I was taught in the seminary that the Eucharist is food, and that the best response to this gift is the reverent eating of it. We were reminded of the words of Jesus in the Gospel of John “For My flesh is true food, and My blood is true drink. He who eats My flesh and drinks My blood abides in Me, and I in him.” (6:55-6)

All of this was part of a big shift in Catholic practice. In the nineteenth Century because of the scrupulous ideas of Jansenism the norm of Catholic piety was to attend mass frequently but without receiving communion. Early in the twentieth century in New Zealand it was not unusual to have a Sunday Mass in which none of the congregation took communion. Part of fulfilling one’s “Easter duty” as a Catholic is to take communion during Lent or Eastertide. For some Catholics because of their reverence for the sacrament and their consciousness of their own sinfulness this was the only time during the year that they received.

My impression is that papal and conciliar teaching has been effective and completely changed the habits of churchgoers. The norm for mass-attenders today is to take communion every time. Whole congregations come forward to receive, sometimes organised on a pew-by-pew basis. It can be hard to not go forward at communion time.

The same is not true for the Sacrament of Reconciliation. That sacrament is considerably less well-attended than it was in years past.

My fear is that by linking mass-attendance and communion-going so strongly we are making it difficult for people to come to mass and not to take communion. There can be many reasons to choose to do this: non-Catholics attending with their partner, Catechumens, children who have not made first communion, those who ate something just before mass, people who judge themselves as unready to receive.

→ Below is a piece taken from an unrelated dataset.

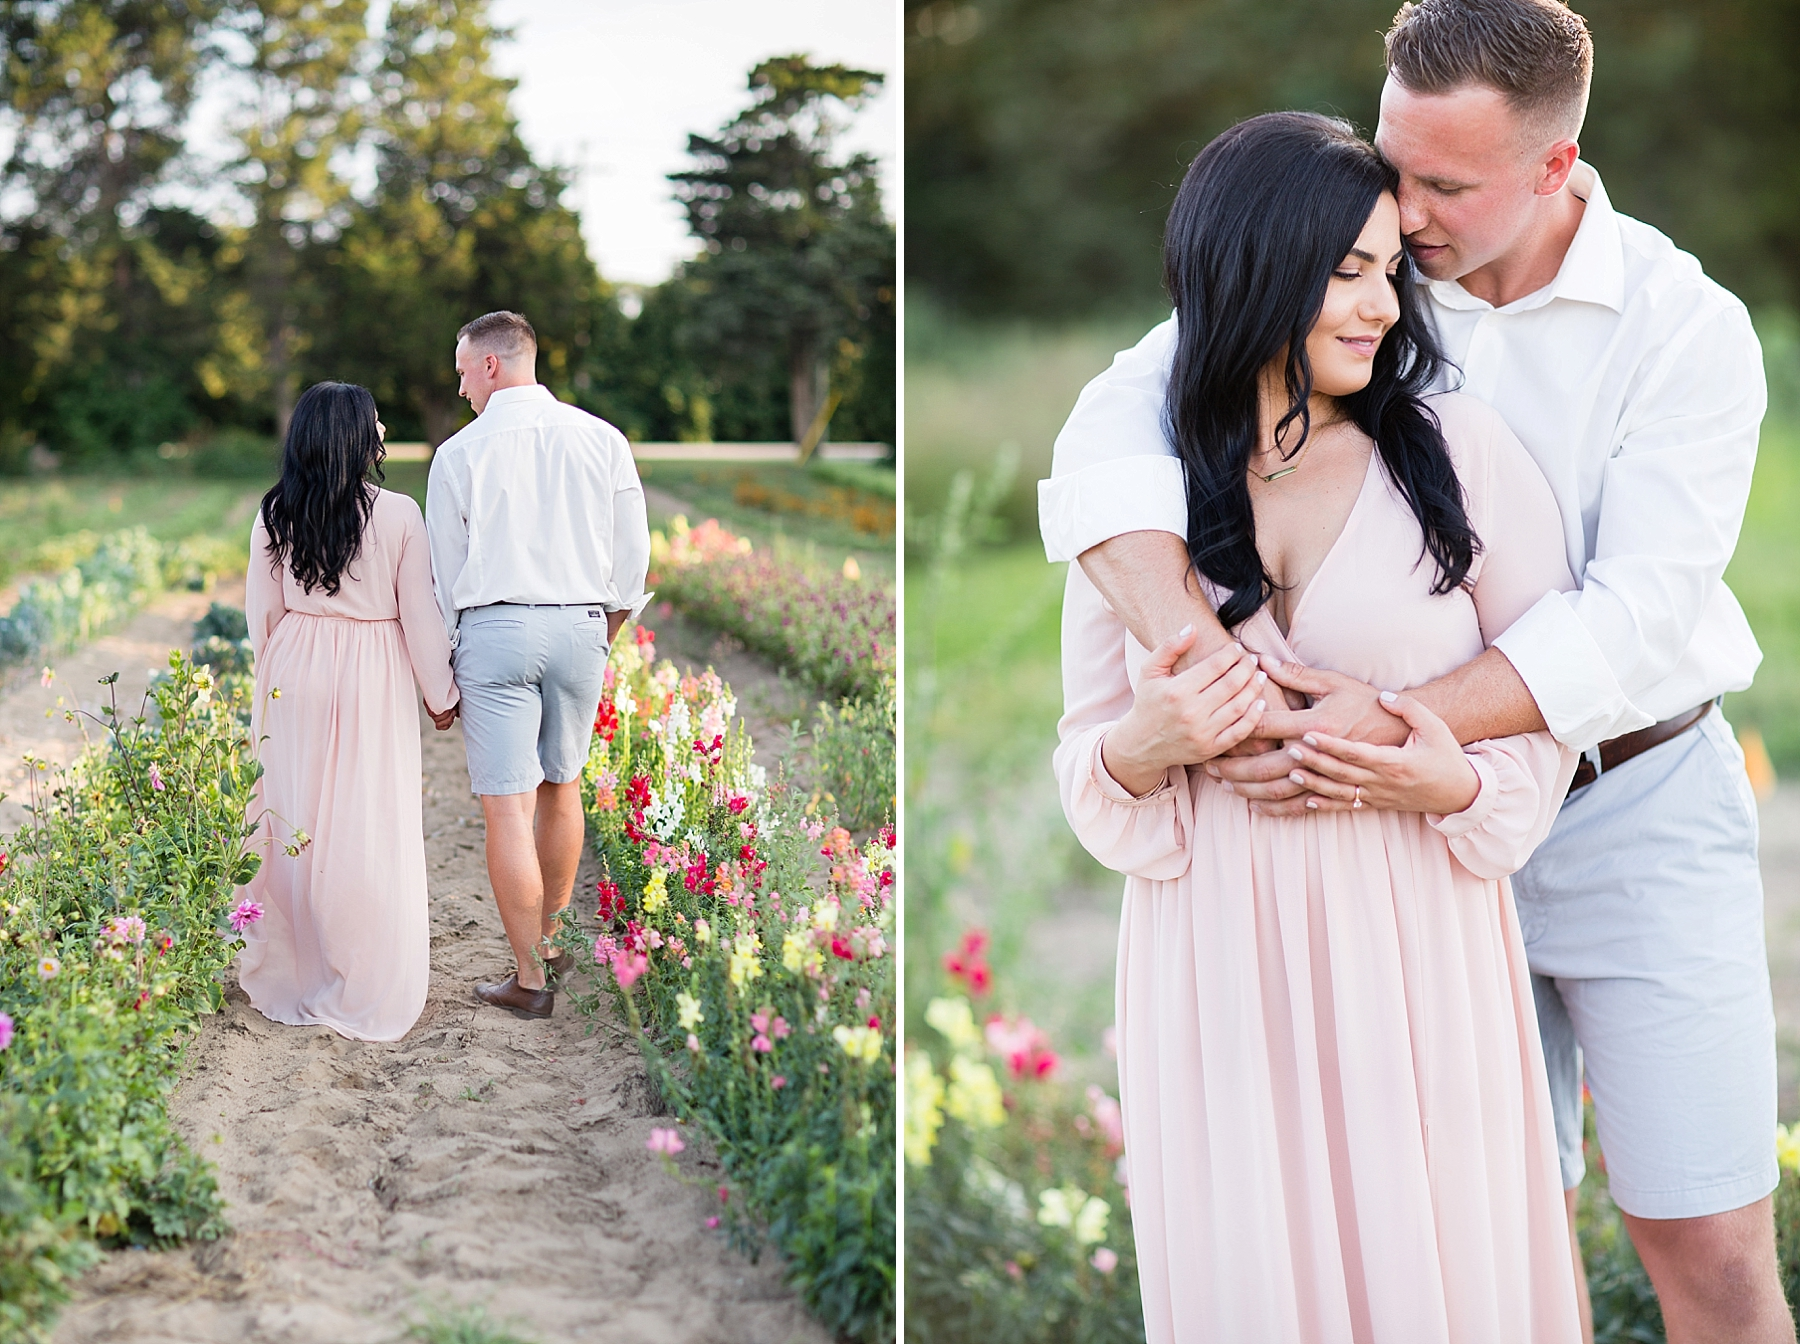 windsor-wedding-engagement-photographer-eryn-shea-photography-field-of-flowers_0010.jpg

A wonderful practise has appeared in New Zealand and elsewhere, perhaps emerging from the Catholic schools (where they have school masses with many non-Catholics in attendance). It involves signalling to the minister of communion that you wish to receive a blessing rather than the host. The usual signal is one or both hands across your chest. In response the minister will stretch out their empty hand and say a short prayer. Blessing

The Auckland Diocesan Liturgy Office encourages that the prayer be extremely short eg. “May the Lord bless you. Amen” or “May the Love of God be in your heart. Amen” or “May Father, Son and Holy Spirit bless you. Amen.” The idea being that it should not take longer than receiving communion, and that it be formal and ritual rather than conversational and improvised.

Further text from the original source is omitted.